The site is also known as Sartaba, where, according to Jewish tradition, beacon fires once signaled the arrival of the new moon – Rosh Hodesh – to communities across the valley and toward Jerusalem.
Evidence of this layered past is scattered across the steep mountainside. Collapsed heart-shaped columns, shards of pottery, and fragments of fresco and stucco lie exposed, while other relics such as coins, walls, and water systems remain buried beneath centuries of sand.
‘De facto annexation’
While such dramatic ancient archaeological sites are located across this region, which Israelis call by its biblical name, Judea and Samaria, Alexandrion/Sartaba is now one of a handful of places where active excavations are taking place – for the first time in 40 years.
However, the renewed excavation here is not unfolding in isolation from modern events. It comes amid a sweeping Israeli government initiative to expand archaeological activity across the West Bank – territory Palestinians seek for a future state; territory which much of the international community considers “occupied.”
The renewed digging coincides with policies by Israel’s right-wing government aimed at tightening control over the territory and expanding Jewish settlement. Palestinians have described these measures as “de facto annexation.”
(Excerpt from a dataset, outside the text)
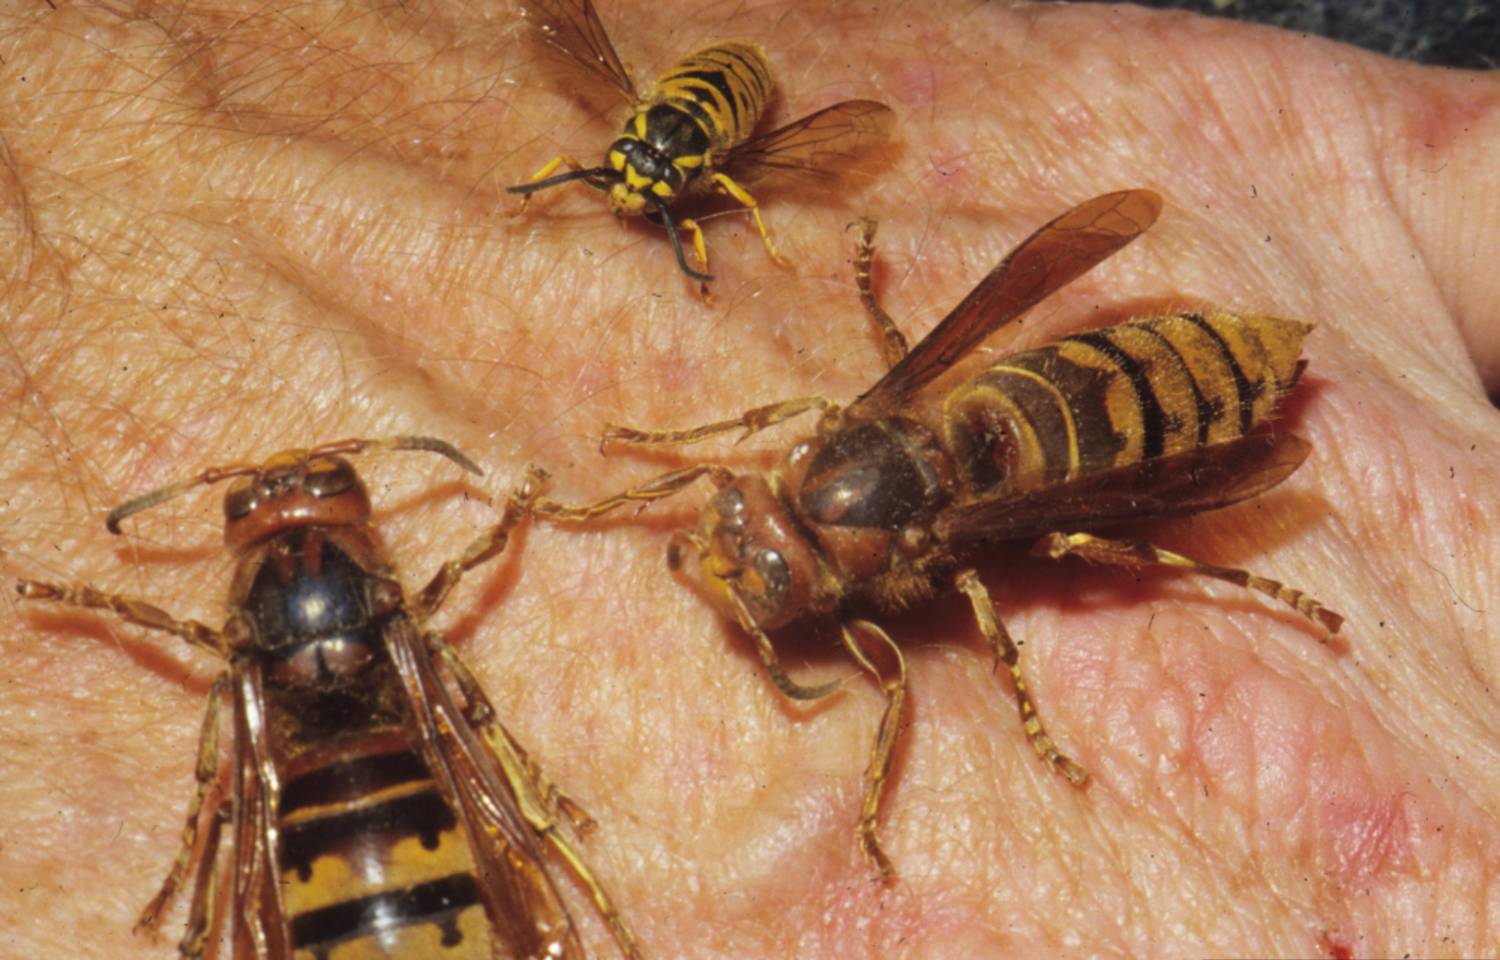 Two Asian giant hornets and one European hornet on a hand

Much of the West Bank remains under Israeli military control, with limited Palestinian self-rule in areas administered by the Palestinian Authority.
Saving the past
At Sartaba, archaeologist Dvir Raviv of Bar-Ilan University leads the excavation, which is funded by Israel’s Heritage Ministry and supported by the archaeology department of the Civil Administration – the Israeli military body overseeing civilian affairs in the West Bank. The project is now in its second season. The team includes both Israeli and Palestinian workers and volunteers.
“Last season, we had to walk 40 minutes every morning just to get here,” Raviv told The Jerusalem Report during the magazine’s recent visit to the site.
Standing on the very tip of the mountain, he explained that due to its geographical location, excavations at the site “are very complicated.”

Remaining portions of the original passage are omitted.